My name is Lars Marowsky-Brée, and it is my pleasure to be your host for this session. Since this is the first in the series, a quick introduction: I am the architect for SUSE’s Enterprise Storage product, which is powered by the Open Source Ceph project. I also represent SUSE on the Ceph Advisory Board. I have been with SUSE since 2000 and with Linux and Open Source since 1994. I am specifically interested in distributed systems and storage.

Disclaimer

I also must add a disclaimer; this is somewhat of a simplification. There are many more factors that affect this and dimensions to discuss. Here, we only pick two of them, and ignore most everything else except in passing. Your environment might thus differ.

That said …

How everyone starts

So, you have built a shiny new Ceph cluster. Either as a pilot, proof-of-concept, lab, or for production; eventually, you will want to know how fast this thing goes!

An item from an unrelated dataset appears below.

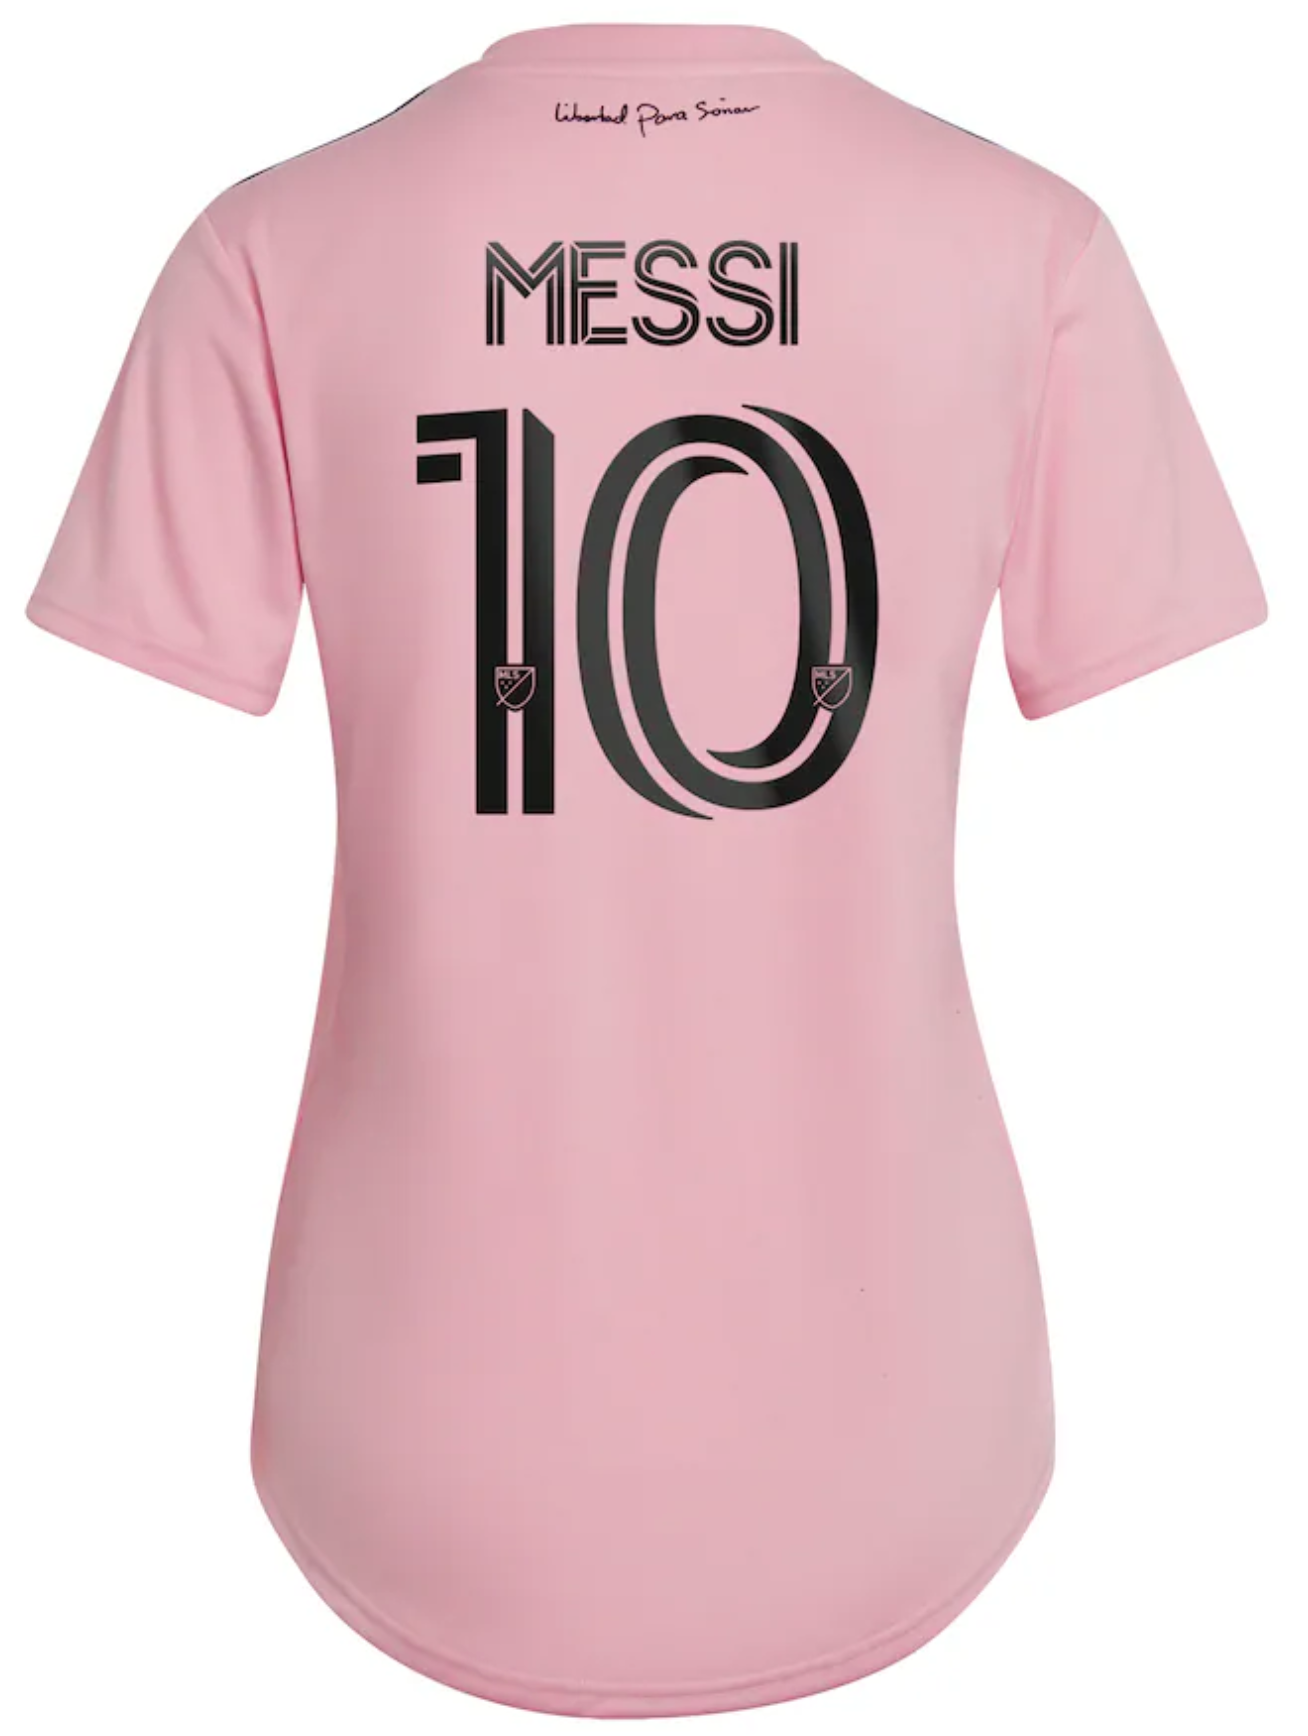 Inter Miami CF adidas MESSI #10 Women's Home Jersey - Pink

Or in more professional terms, whether it meets the performance requirements of your use case, your Service Level Agreements, and whether you need to add resources or can even save some funds.

What everyone does next is to grab a client system and run a load test against it - with a tool like Jens’s fantastic Flexible I/O Tester, that is the simplest test to run.

Perhaps you are even lucky enough to have several clients, so you start all the runs at the same time and add up the throughput numbers they report, and there you go - 100 Gigabytes/s.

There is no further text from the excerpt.